Some of the guys were talented performers. And that was everything good about Boy Band.
Okay, yes, the show did improve over its two hours. But that was a half hour of mildly interesting content after 90 minutes of an exercise in futility, an okay let’s do this even though none of us really want to. Even the set, which resembled a massive garage door surrounded by an oddly balanced assortment of fake warehouse windows, looked like it didn’t even want to try.
The lack of a studio audience for the early auditions was an interesting choice, and I certainly am tired of the audience cheering that’s sweetened in post-production to make it sound like the entire audience is screaming and cheering non-stop. But it just helped highlight how little energy there was in the room.
The judges—excuse me, “architects” (and excuse me, retch)—were boring, too. Timbaland got up and performed with one contestant, which was a bit of fun in.
But I can’t blame them. I’d be bored, too. Few of them were both strong performers and singers, and there was a lot of pitchiness, dawg. That first hour dragged.
In the second hour, the judges combined the contestants, and that was a lot more interesting. I didn’t quite get Nick Carter as a judge until he started teaching a group of contestants a brief dance to “Everybody (Backstreet’s Back).” And then I didn’t get him again when he commented “fuego” on a verse sung in Spanish.
I want more training, which came after the formation of the top 18, including Tabitha and Napoleon showing up to teach them choreography. In other words, I wanted more Making the Band and less of everything we’ve already seem over and over again.
After 90 minutes of a cardboard version of a singing competition and a bit of training, the outcome was a performance that felt like it was discovered on a VHS tape from the 1990s.
The Gong Show can spit a banana into my mouth any day
The Gong Show was exactly what it needed to be: an hour of absurdity. At first I wasn’t quite sure if there was a need for this show, when there are ridiculous and bad acts that show up as comic relief on other competitions, such as America’s Got Talent.
And then a husband and wife team started spitting chunks of bananas into each others’ mouths. And then the celebrity judges’ joined in. And the finale was the couple spitting massive amounts of chewed banana into each others’ mouths.
It was gross and juvenile and absolutely fantastic.
So was the woman dressed as Little Bo Peep who played the harmonica with a giant taratula in her mouth. And the sasquatch riding a unicycle playing a fire-breathing bagpipe. An operatic singer wooing Will Arnett.
The show is 100 percent about those so-bad-they’re-amazing performances. It doesn’t bother with bio packages or sometimes even with names for its contestants; the judges scores are mostly for comedy.
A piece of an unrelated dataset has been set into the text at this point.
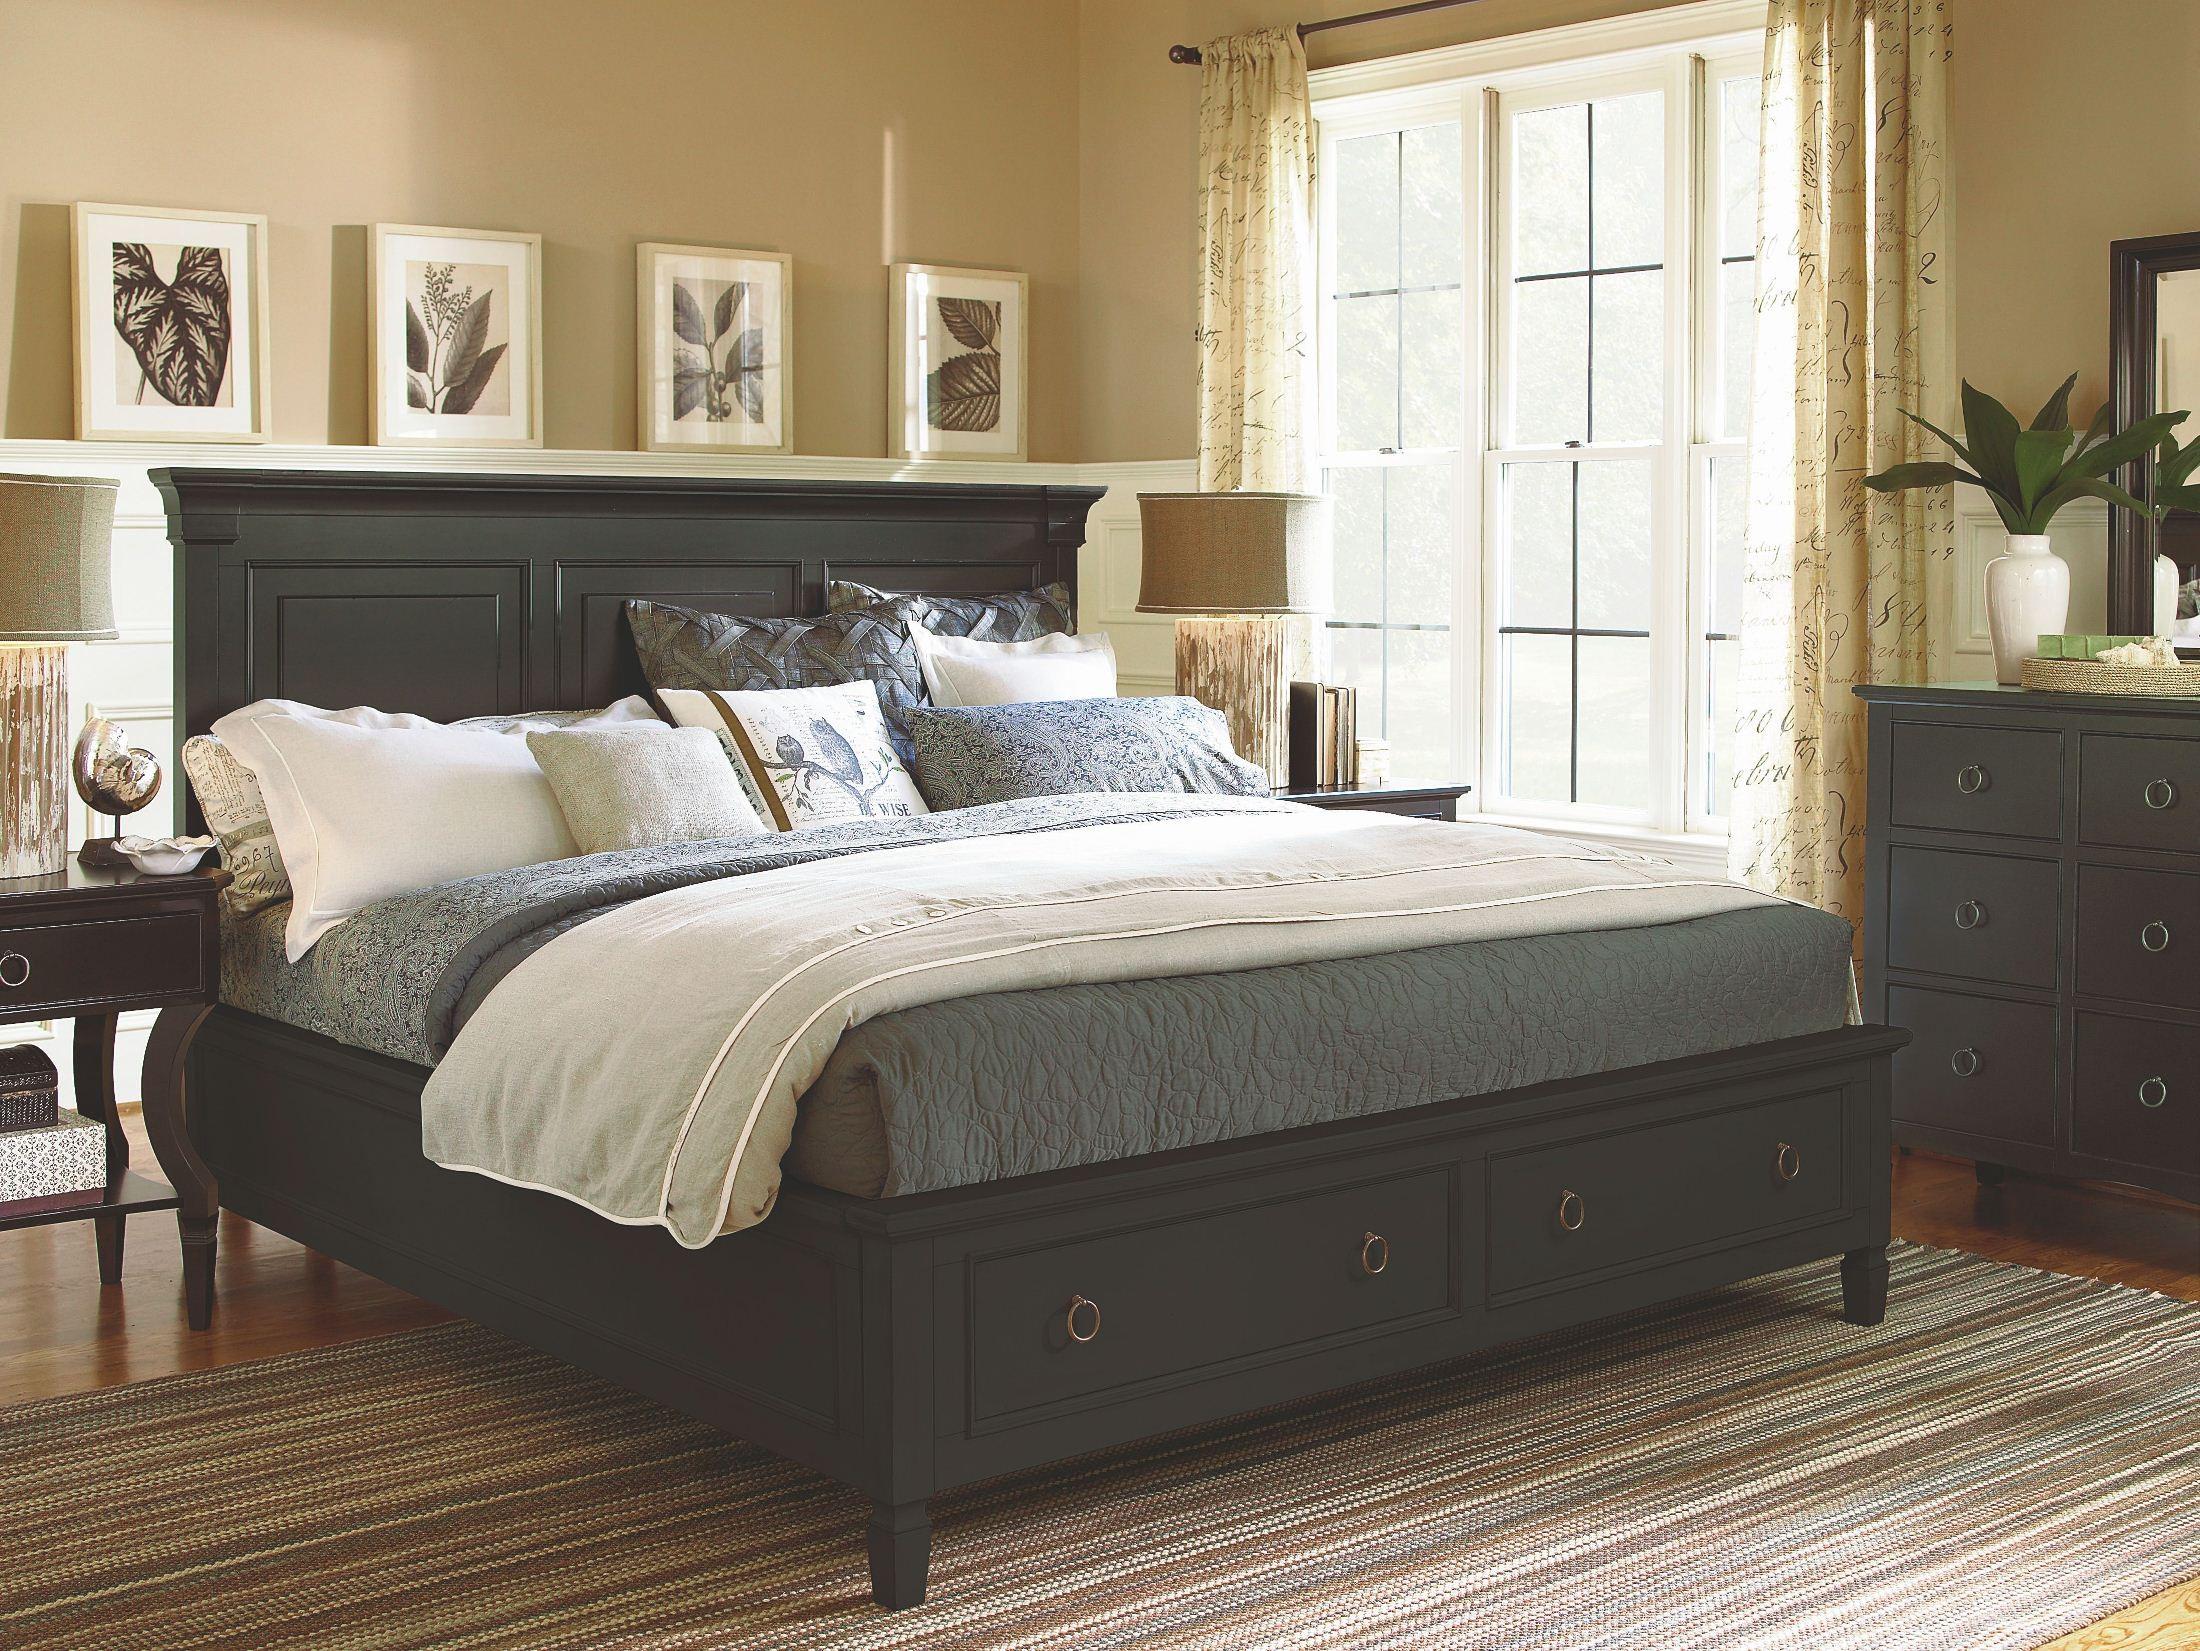 summer hill brown panel storage bedroom set from universal 988250sb coleman furniture. Black Bedroom Furniture Sets. Home Design Ideas

Mike Myers, in bad makeup to play host Tommy Maitland, was the weak link, though he was not as grating as in his pre-show appearances. As I tweeted during the show: If a show needs someone with dated jokes who’s convinced he’s funny, Mike Myers is a perfect choice. There is something interesting at the core of what he’s doing, but he’s trying too hard by about 50 percent, and it just feels like Austin Powers with puns and desperation.
He does keep the show moving, though, and it burned through a bunch of acts in an hour, and was the opposite of its Thursday night predecessor in every way: light, fun, enjoyable, and fresh, even for a show that’s echoing the 1970s.